Пальнатоки взял его за руку.
— Я делаю это для тебя, Стирбьёрн, — сказал он. — Я бы не сделал этого ни для кого другого, и даже для себя самого. Она войдет в город. А теперь надо нам порешить со всеми важными делами.
Таким вот образом королева Тири была принята в Йомсборге. Двадцать и два дня все снаряжали корабли и готовили новобранцев из Вендланда и других покоренных Стирбьёрном восточных земель, пока не была готова сотня и еще почти два десятка кораблей, больших боевых и малых, с полной командой и снаряжением; все они были снаряжены в бухте Йомсборга. На рассвете двадцать третьего дня взошли все отплывающие на корабли. Утро было серым и туманным, безветренным, и мелкая изморось висела в воздухе. Стирбьёрн спустился к кораблям вместе с Пальнатоки и Сигвальди. Сигвальди должен был остаться в Йомсборге за старшего. Пальнатоки ослаб от хвори, которой мучился четыре или пять дней, но ничто не могло удержать его от того, чтобы плыть вместе со Стирбьёрном.
К своему шлему Стирбьёрн прикрепил вороновы крылья. Когда Сигвальди это увидел, он промолвил:
— Многие посчитают тебя нечестивцем, Стирбьёрн, увидев, как ты вознесся в нечестивой гордыне, поместив крылья ворона на свой шлем. Потому что подобное не дозволено никому из людей, и даже богам, но лишь одному Всеотцу. Если ты хоть немного слушаешь меня, сними их. Потому что, мне думается, они принесут нам неудачу.
— Они будут сняты лишь тогда, — отвечал Стирбьёрн, — когда будут срублены в битве при Уппсале. Или же когда я сяду там королем. И никак иначе.

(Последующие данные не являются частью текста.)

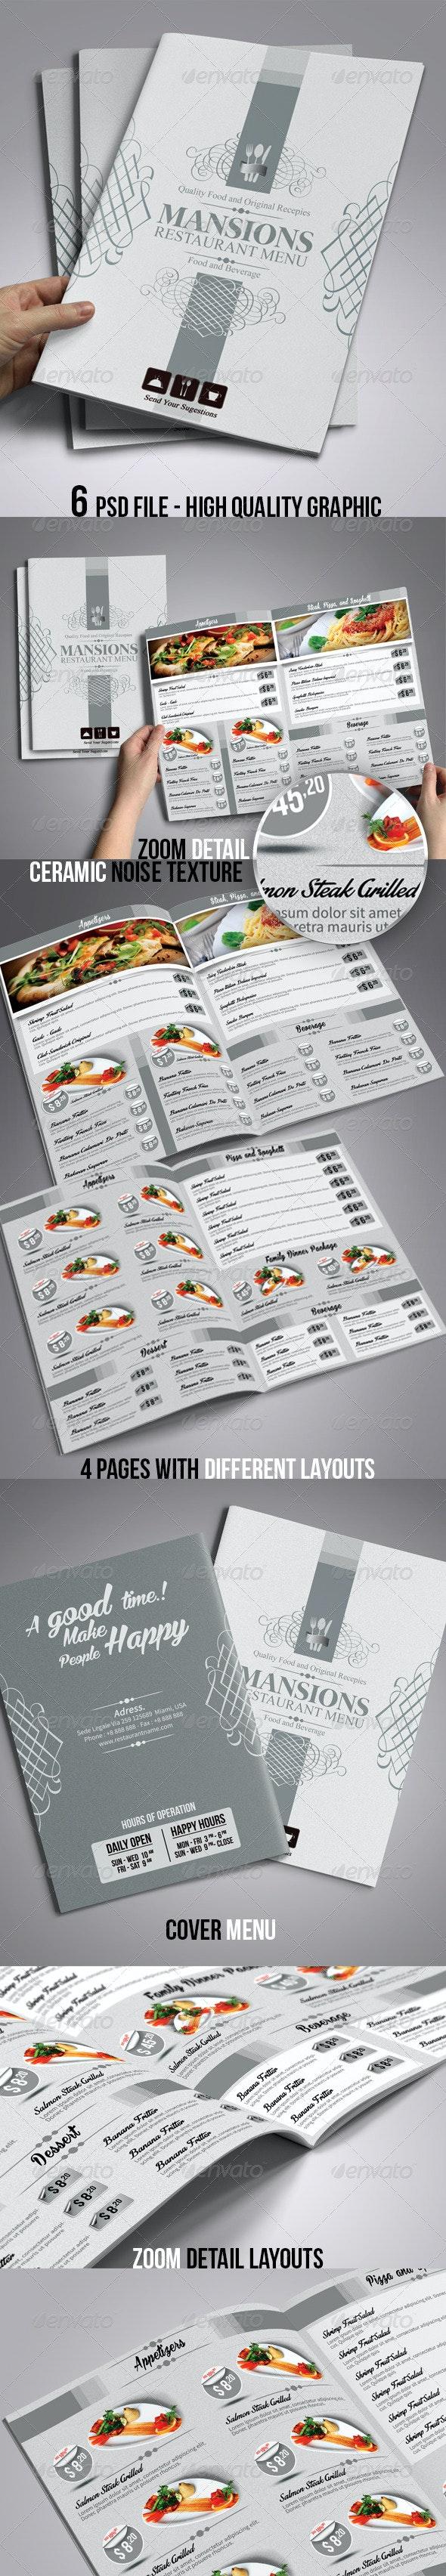 Restaurant Food & Beverage Menu Template - Food Menus Print Templates

— Я заклинаю тебя, — сказал Сигвальди, — моей к тебе приязнью и дружбой. Глядя на тебя, могут сказать что ты свою добрую удачу запер в золотой клетке. Даже во время твоего злого уныния прошлой зимой я менее боялся за тебя.
Стирбьёрн засмеялся.
— Полынья обреченного, — сказал он, — никогда не замерзнет. Брось эти страхи, приличные лишь женщинам.
Но несчастья все же начались — поднимаясь на борт корабля, Пальнатоки поскользнулся и сломал ногу. Все посчитали это странным и дурным знаком. Но несмотря на это и на свою болезнь, которая усилилась, Пальнатоки не желал оставаться, пока, наконец Стирбьёрн сам не переговорил с ним и не убедил, что в битве он будет бесполезен и лучше ему остаться в Йомсборге, а Сигвальди чтоб поехал вместо него в Швецию. И некоторые были готовы биться об заклад, что в этом есть дурное знамение, как и в вороновых крыльях. Но большинство столь уверено было в своей силе и силе своего оружия, и в Стирбьёрне, что не волновалось из-за таких пустячных вещей. Сигвальди без возражений собрался и без промедления готов был ехать вместо Пальнатоки. Но знавшие его видели, что душа его не лежит к этому походу.